§ **Problem description**:
The entries that follow include a run beginning at the line with "Positively Pretty 653x1600" and ending at the line with "Using the HomeRight"; restate that run word for word and leave the rest out.

::: Data provided

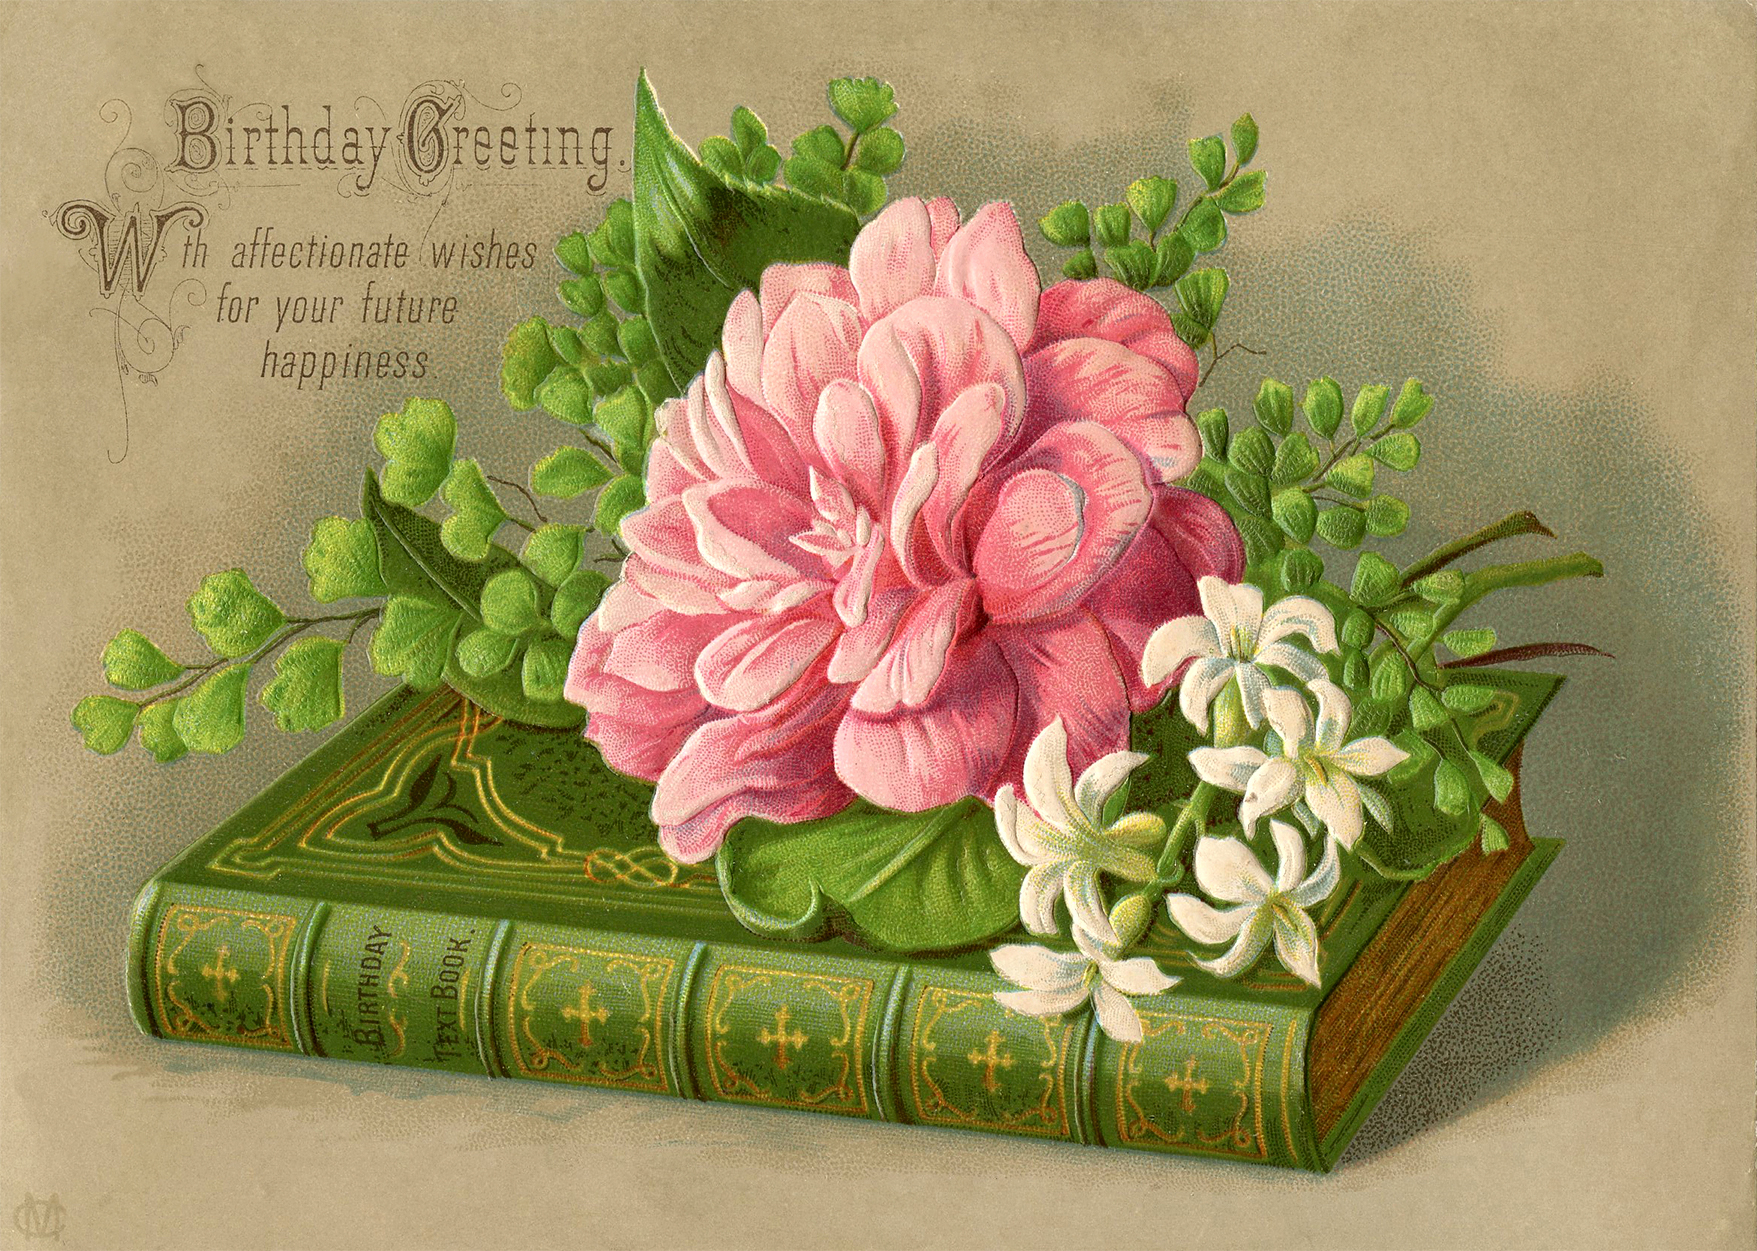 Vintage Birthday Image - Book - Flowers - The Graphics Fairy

::::::
::: Data provided

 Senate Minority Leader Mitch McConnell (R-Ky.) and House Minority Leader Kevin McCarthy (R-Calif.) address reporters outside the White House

::::::
::: Data provided

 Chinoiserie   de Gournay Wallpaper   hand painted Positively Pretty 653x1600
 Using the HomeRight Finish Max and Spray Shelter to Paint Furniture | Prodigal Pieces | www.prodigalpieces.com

::::::

§ **Result**:
 Chinoiserie   de Gournay Wallpaper   hand painted Positively Pretty 653x1600
 Using the HomeRight Finish Max and Spray Shelter to Paint Furniture | Prodigal Pieces | www.prodigalpieces.com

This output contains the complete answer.